Deze wijzigingen in het mededingingsprotocol maken bepaalde vereenvoudigende aannames die misschien niet altijd waar zijn. Een daarvan is dat fitnessmetingen transitief zijn. Dat wil zeggen, als we twee populaties elk tegen een gemeenschappelijke concurrerende stam afzonderlijk concurreren, dan kunnen we de relatieve fitheid van de twee populaties ten opzichte van elkaar afleiden. Deze relatie is voor het grootste deel waar gebleken voor de LTEE40, maar niet voor andere experimenten41. Een reden voor deze discrepantie kan de evolutie van negatieve frequentieafhankelijke fitnesseffecten zijn. Deze situatie doet zich voor wanneer stammen geïsoleerd uit twee verschillende afwijkende afstammingslijnen van populatie A−2 van de LTEE tegen elkaar worden geconcurreerd19,42. Elk heeft een voordeel wanneer het zeldzaam is, vanwege kruisvoeding, die hun co-existentie stabiliseert. Sequencinggegevens die het langdurig naast elkaar bestaan van afstammingslijnen met verschillende sets mutaties laten zien, suggereren dat vergelijkbare interacties ook kunnen zijn ontstaan in andere LTEE-populaties14,43, hoewel het niet duidelijk is of ze sterk genoeg zijn om de fitnessschattingen merkbaar te veranderen. Ten slotte betekent de evolutie van aerobe groei op citraat in populatie A−3 van de LTEE32 dat de geschiktheid van deze cellen nu het gebruik van een “privé” bron omvat wanneer ze worden beconcurreerd met cellen die geen citraat kunnen gebruiken, wat de interpretatie van deze resultaten bemoeilijkt. Ondanks deze uitzonderingen heeft het gebruik van een lage glucoseconcentratie en een goed geschudde omgeving ongetwijfeld het maken van fitnessvergelijkingen tussen LTEE-stammen en populaties vereenvoudigd.

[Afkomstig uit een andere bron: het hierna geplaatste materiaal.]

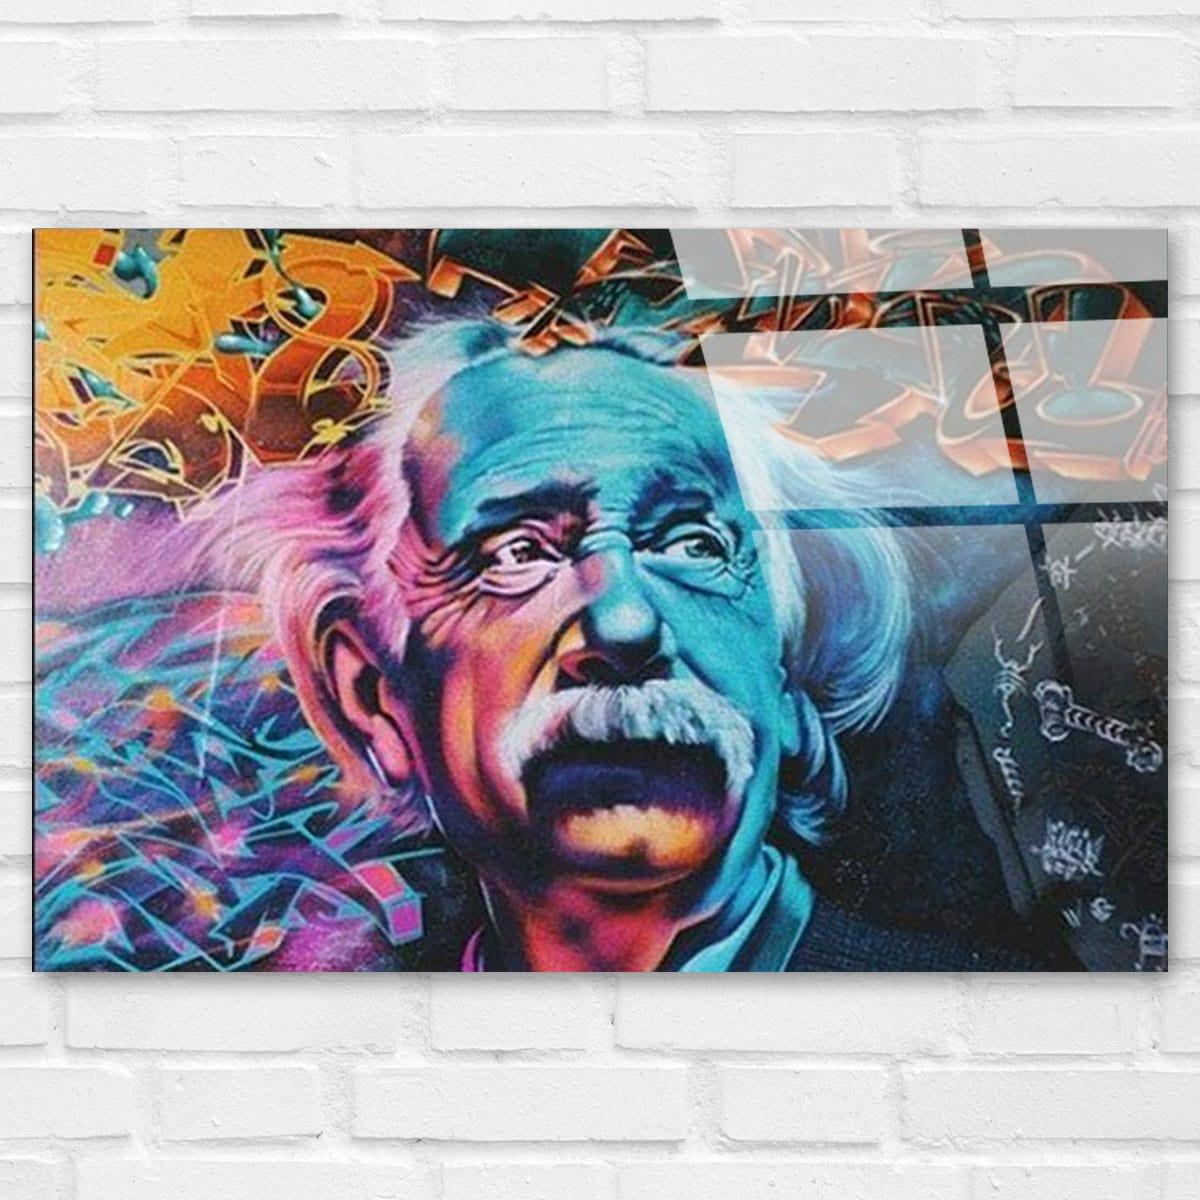 Décoration murale affiche d'Einstein

Bij latere generaties vormen sommige LTEE-populaties niet langer kolonies op TA-agar, wat het uitvoeren van competitie-experimenten met zelfs gewijzigde protocollen moeilijk of onmogelijk maakt10. Alternatieve methoden die geen koloniegroei vereisen, kunnen mogelijk worden gebruikt om de relatieve representatie van twee concurrenten te bepalen, zoals FREQ-seq die next-generation sequencing gebruikt om het aandeel reads te tellen dat twee alternatieve allelen bevat in een amplicon44. Deze methode of een soortgelijke methode kan mogelijk worden gebruikt met de Ara-allelen of met nieuw geëvolueerde mutaties, zoals die in pykF en nadR, versus de voorouderlijke sequentie. Het uitvoeren van genetische modificaties die andere soorten neutrale markers introduceren, kan ook worden gebruikt om de relatieve fitheid te meten. Fluorescerende eiwitgenen zijn bijvoorbeeld ingebracht in de chromosomen van cellen in LTEE-uitloperexperimenten, zodat concurrenten kunnen worden geteld met behulp van flowcytometrie45. Een andere benadering, die de mogelijkheid opent om meer dan twee stammen in dezelfde concurrentiekolf te mengen, is het invoegen van barcodes die PCR-versterkt en gesequenced kunnen worden in de genomen van verschillende concurrenten. Deze benadering is gebruikt voor het traceren van afstammingslijnen in evolutie-experimenten46. Zowel flowcytometrie als barcodesequencing kunnen nauwkeurig veel extremere verhoudingen van twee stammen versus kolonietelling meten (omdat ze > 10.000 cellen / genomen kunnen bevragen versus de < 500 die op een agarplaat kunnen worden geteld), dus het gebruik van deze methoden belooft ook het dynamische bereik te vergroten in termen van fitnessverschillen die kunnen worden gemeten ten opzichte van een gemeenschappelijke concurrent.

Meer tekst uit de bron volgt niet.